Thursday, February 14, 2013

Lent Day Two

Lenten Factoid of the Day

The word “Lent” from the Germanic for “Spring” was first used in the late Middle Ages when the pastors began to preach homilies in the vernacular instead of Latin. Prior to that, the season was called by the Latin term quadragesima meaning the "fortieth day" before Easter. Romance languages retain this sense, for example, Spanish cuaresma, Portuguese quaresma, French carême and Italian quaresima.

Lent Day Two

A friend on Facebook commented that Lent seemed a bit superfluous this year since she and her family had been undergoing many trials for the past several months. I could identify.

When you've been walking though the valley of suffering, 
focusing on more suffering for 40 days seems a bit counterproductive.

This time last year, I was aching from the loss of my mother and reeling from having learned that a great deal of money (at least a great deal to me!) had been stolen from her estate. A year later, the pain of the loss of my mother has eased and when I opened her checkbook to get information to pay her final taxes, I was no longer crushed by the sight of her handwriting. However, the theft issue still remains unresolved, although I'm told restitution is not likely. The trial has been post-poned and post-poned again and again until I'm not sure there even will be a trial. Add to that, or more likely because of these things, I have carried with me the burden of panic and anxiety almost every day.

This past year has been one long Lent with no Easter in sight.

 I think the hardest thing has been feeling both paralyzed, unable to do anything other than stare at the wall and perhaps play solitaire on my laptop, and so crazed that my heart seemed to be doing fish-flops...and feeling both at the same time.

So this Lent, what I've decided to do is simply accept those feelings as they come.
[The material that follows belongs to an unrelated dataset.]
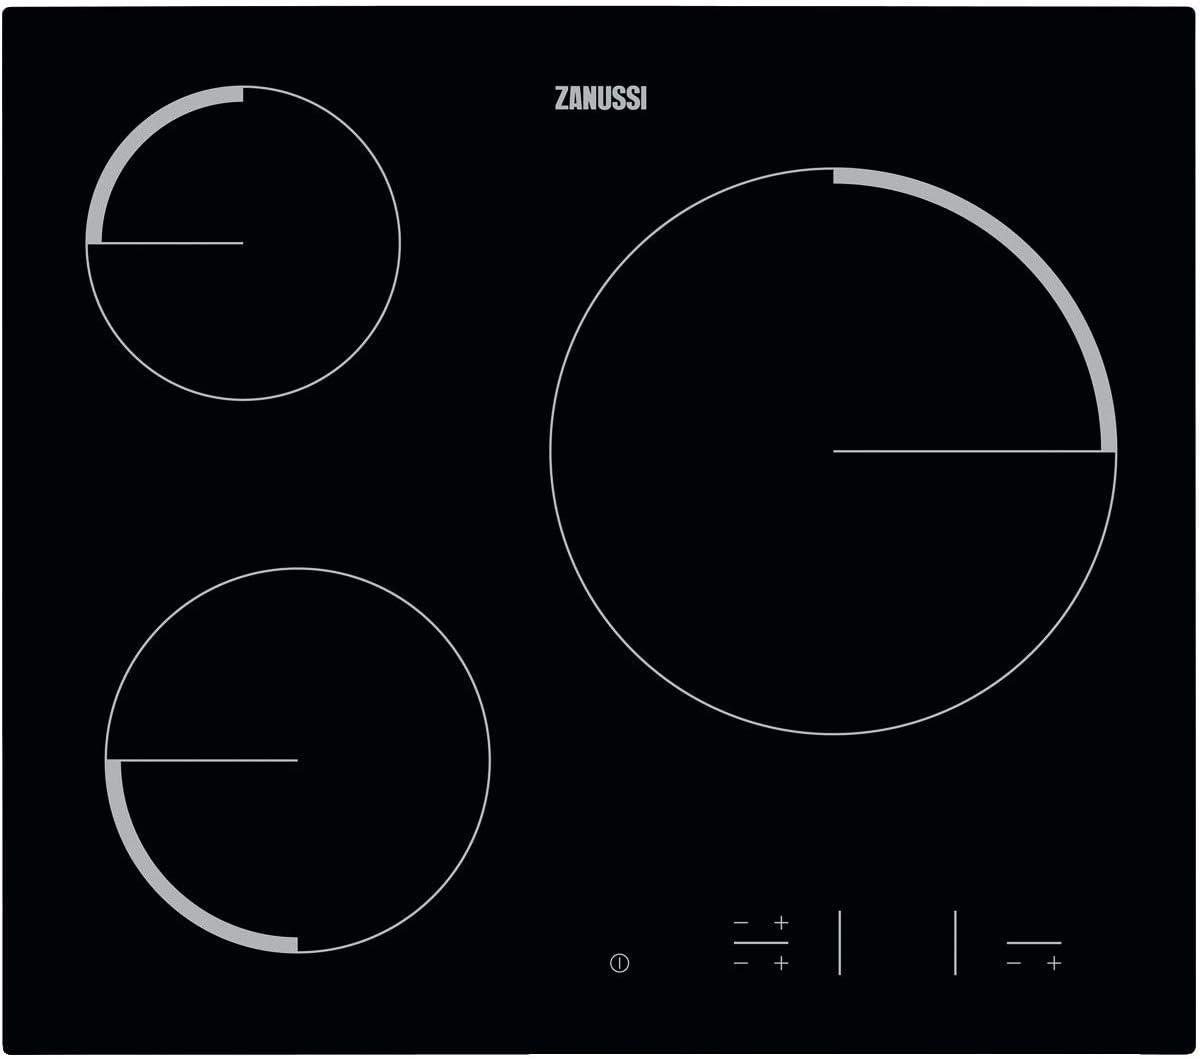 Zanussi ZEV6330FBA Placa vitrocerámica, Biselada, 3 zonas de ...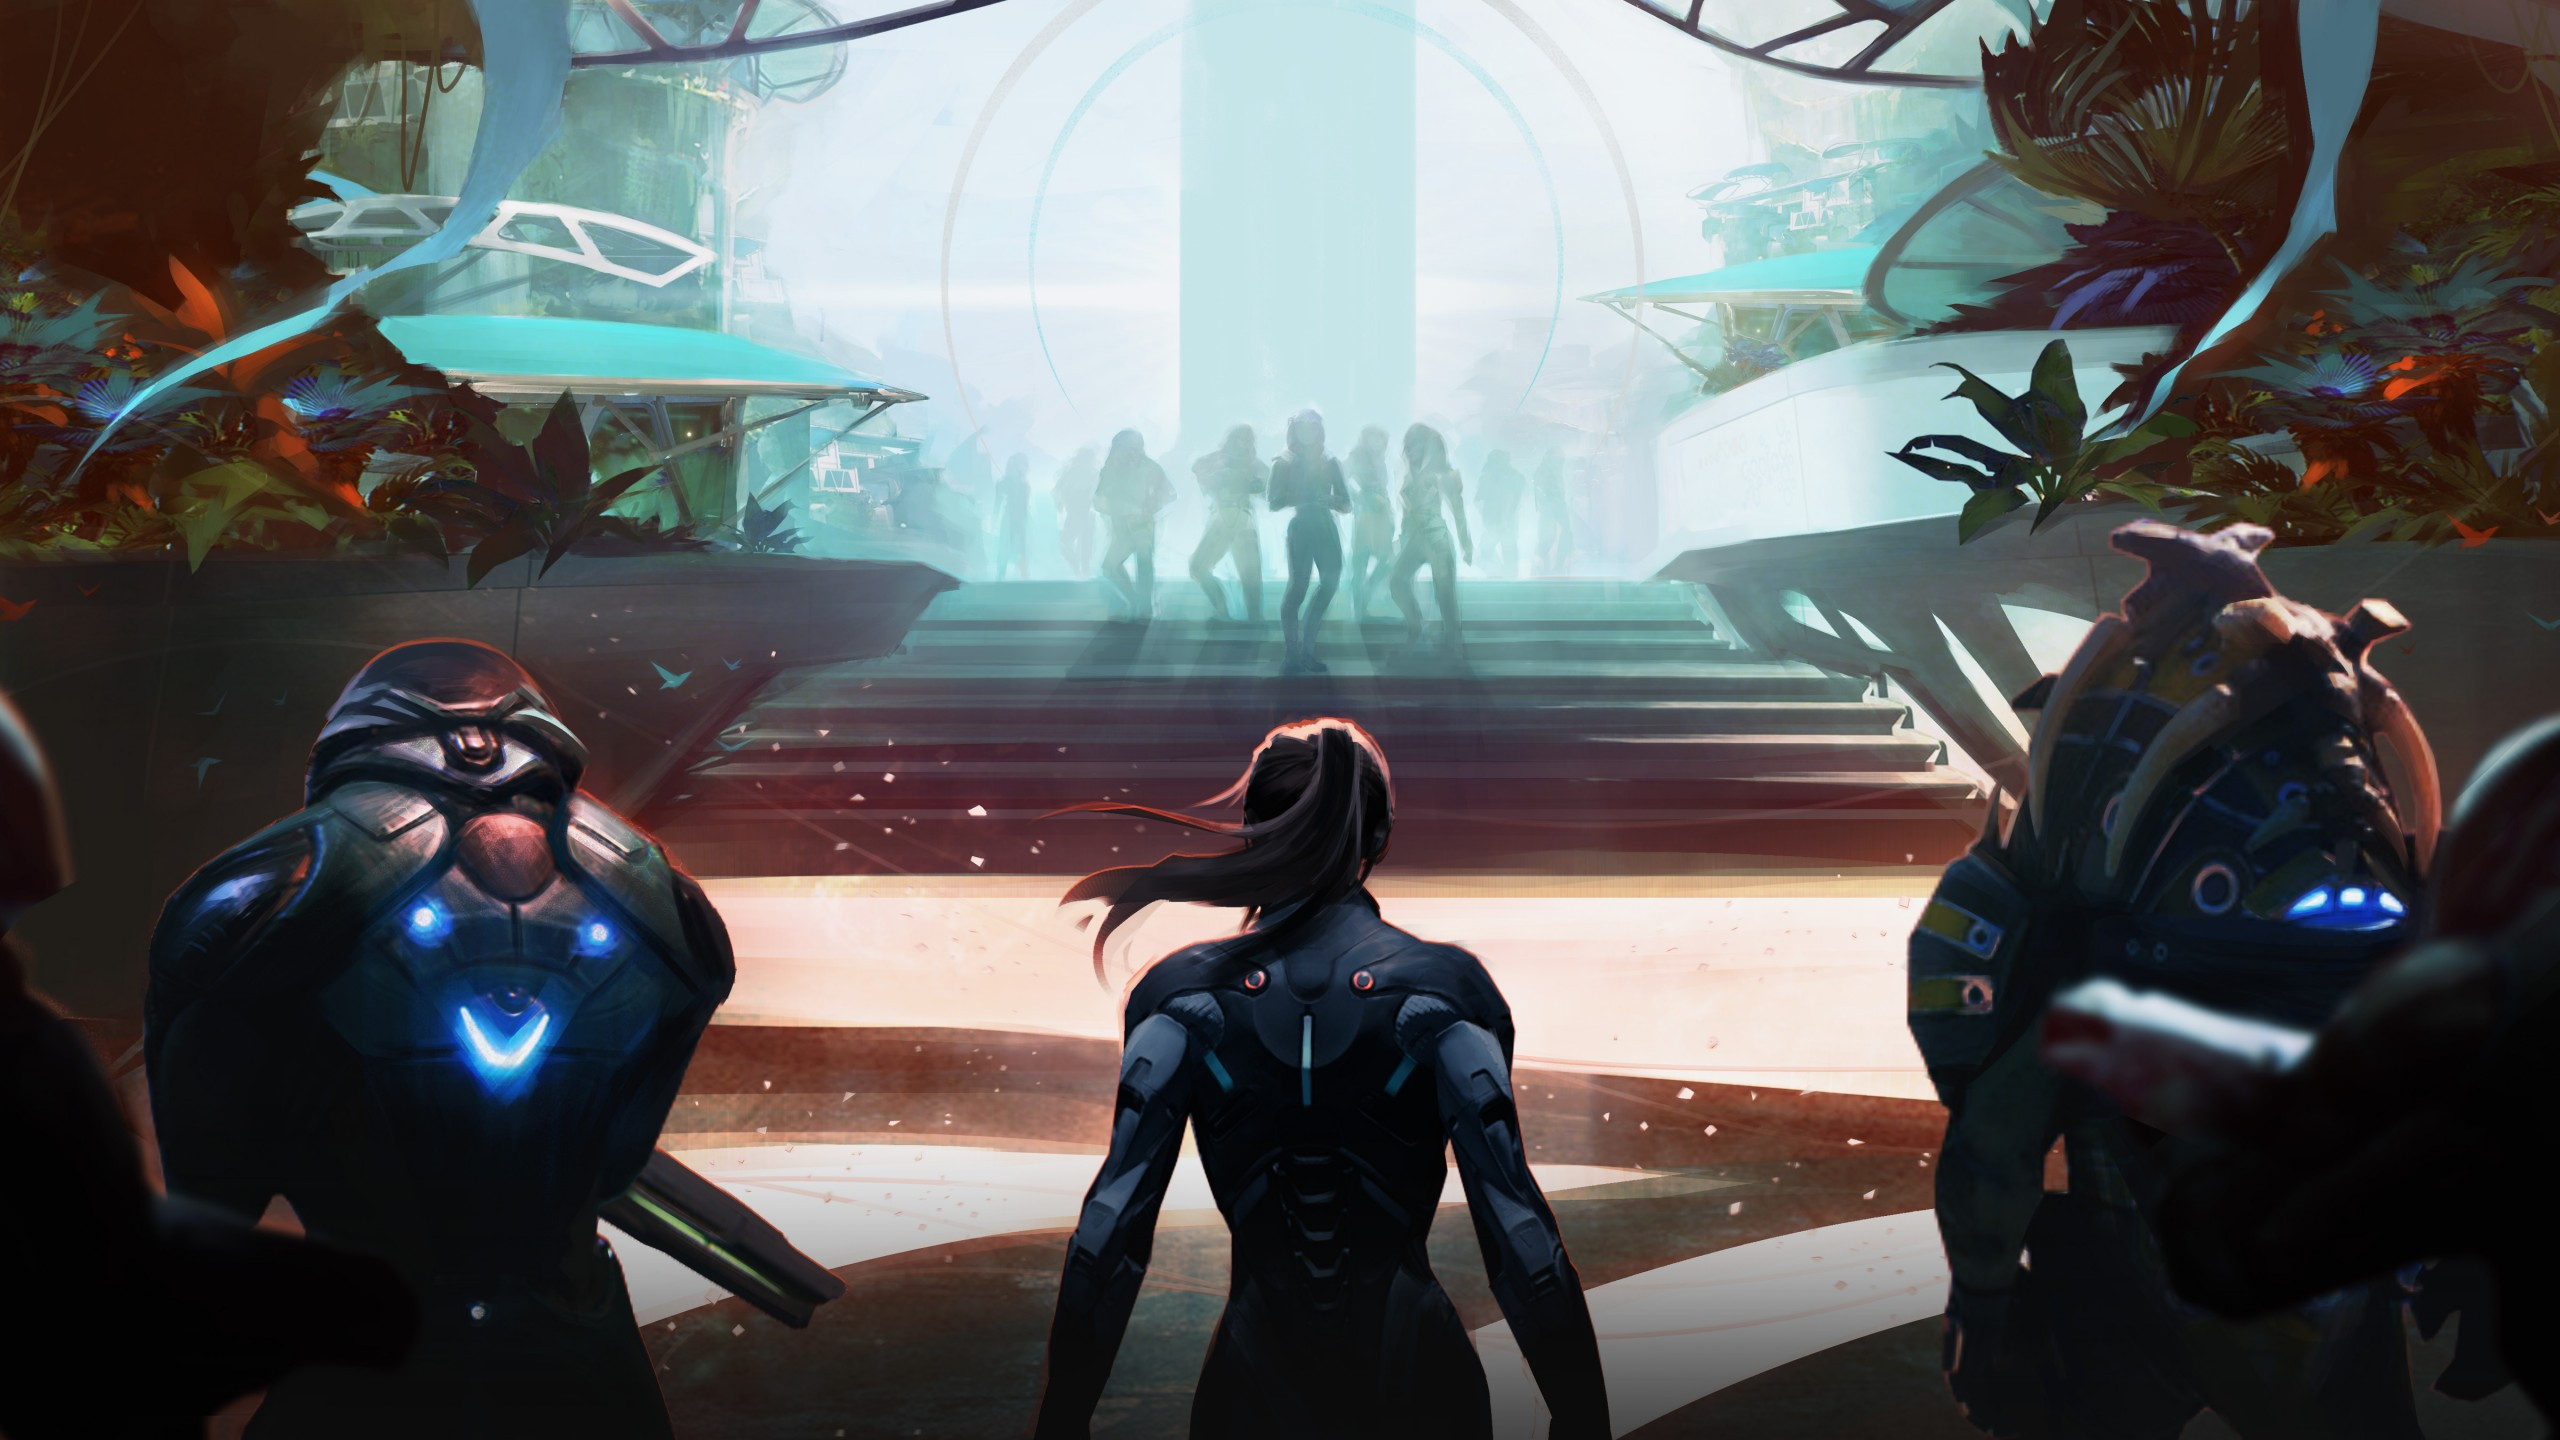 3d Effect Ipad Wallpaper Mass Effect Andromeda Artwork 4k Wallpapers Hd

I'm beginning to learn that when I try to force myself into action while feeling paralyzed, I get tossed into the fishbowl. And when I try to calm down in the fishbowl, I end up become even more frozen. It's a nasty and very vicious circle.  So today, feeling both like the deer in the headlights and the fish in the bowl, I've simply allowed myself to be both. Simultaneously.

At the same time, I have taken to breathing a very simple prayer: God, help me.  That's it. Normally I would add all sorts of explanation to my prayer, as if somehow God wouldn't quite know what I needed unless I spelled it out. But it finally dawned on me that I don't really know what I need. I don't really know how to calm the anxiety or remove the panic.  All I do know is that I need help. Not just once or twice, but over and over throughout the day and sometimes into the night.

I close my eyes and fall into the sense of frozen panic, an oxymoron if ever there was one, and say, God, help me.  If it's the only thing I do this Lent, I think it will suffice.

With that, I leave you with this traditional
Lenten Prayer

God, heavenly Father, 
look upon me and hear my prayer 
during this holy Season of Lent. 
By the good works You inspire, 
help me to discipline my body 
and to be renewed in spirit. 

Without You I can do nothing. 
By Your Spirit help me to know what is right
and to be eager in doing Your will. 
Teach me to find new life through penance. 
Keep me from sin, and help me live
by Your commandment of love. 
God of love, bring me back to You. 
Send Your Spirit to make me strong
in faith and active in good works. 
May my acts of penance bring me Your forgiveness, 
open my heart to Your love, 
and prepare me for the coming feast 
of the Resurrection of Jesus. 

Lord, during this Lenten Season,
nourish me with Your Word of life 
and make me one 
with You in love and prayer. 

Fill my heart with Your love
and keep me faithful to the Gospel of Christ. 
Give me the grace to rise above my human weakness. 
Give me new life by Your Sacraments, especially the Mass. 

Father, our source of life, 
I reach out with joy to grasp Your hand; 
let me walk more readily in Your ways. 
Guide me in Your gentle mercy, 
for left to myself I cannot do Your Will. 

Father of love, source of all blessings, 
help me to pass from my old life of sin 
to the new life of grace. 
Prepare me for the glory of Your Kingdom. 
I ask this through our Lord Jesus Christ, Your Son, 
Who lives and reigns with You 
and the Holy Spirit, one God, forever.